Comment 4 hanno 2019-01-22 16:33:05 UTC

(In reply to Ruediger Pluem from comment #3)
> Try running with
> 
> MaxMemFree 1
> 
> in httpd.conf instead of using pool debugging. This should give you the same
> malloc / free behaviour as with pool debugging as needed for ASAN, but uses
> the non debugging code.

Okay, so this gives some interesting new insights:

* With this "MaxMemFree 1" option set and *without* the pool debugger I now get ASAN uaf warnings at a much faster and more reliable rate than ever before.

* I however don't get the pthread Assertion warning.

As for whether the pthread assertion warning can be reproduced without the pool debugger: Craig confirmed to me that he was able to get that, however with a previous version of apache. We mailed you that in a mail in June.
So for the pthread assertion it may very well be that we're facing two separate issues here: One that is fixed in the latest version and shows up without pool debugging and one that is not fixed, but only happens with pool debugging.

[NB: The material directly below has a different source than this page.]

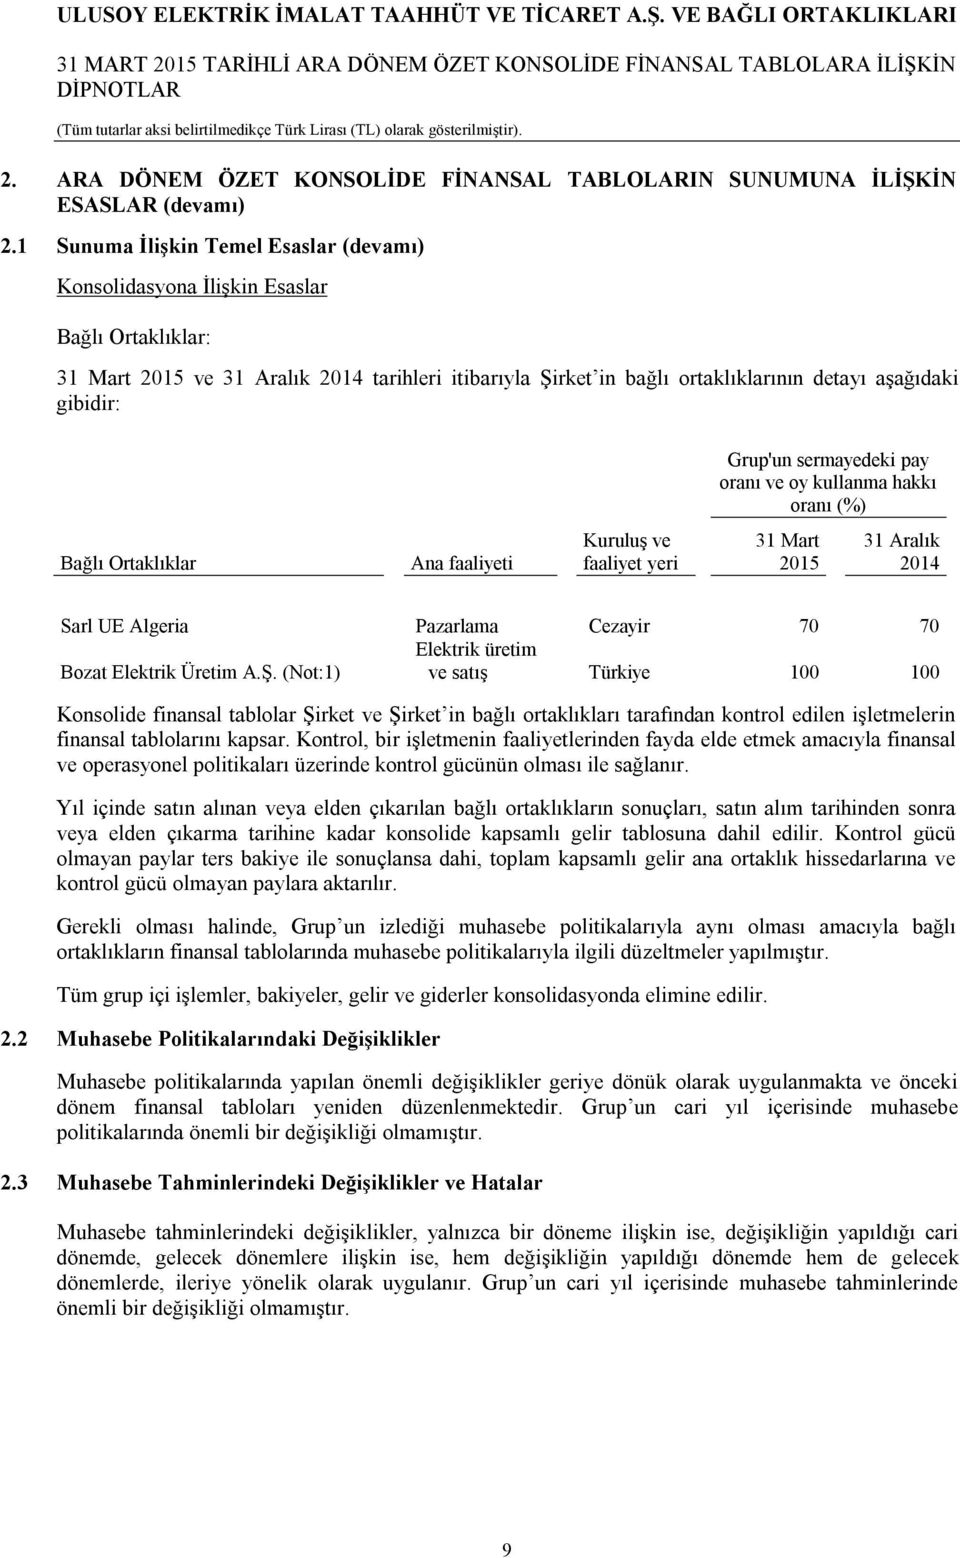 Grup'un sermayedeki pay oranı ve oy kullanma hakkı oranı (%) Bağlı Ortaklıklar Ana faaliyeti Kuruluş ve faaliyet yeri 31 Mart 2015 31 Aralık 2014 Sarl UE Algeria Pazarlama Cezayir 70 70 Elektrik

Comment 5 hanno 2019-01-23 10:53:09 UTC

(In reply to hanno from comment #4)
> * With this "MaxMemFree 1" option set and *without* the pool debugger I now
> get ASAN uaf warnings at a much faster and more reliable rate than ever
> before.

I have to retract that statement.
This was a fluke, because I had apr built without the pool debugger, but apr-util was built while the apr pool debugger was still on. This caused the errors to pop up quickly.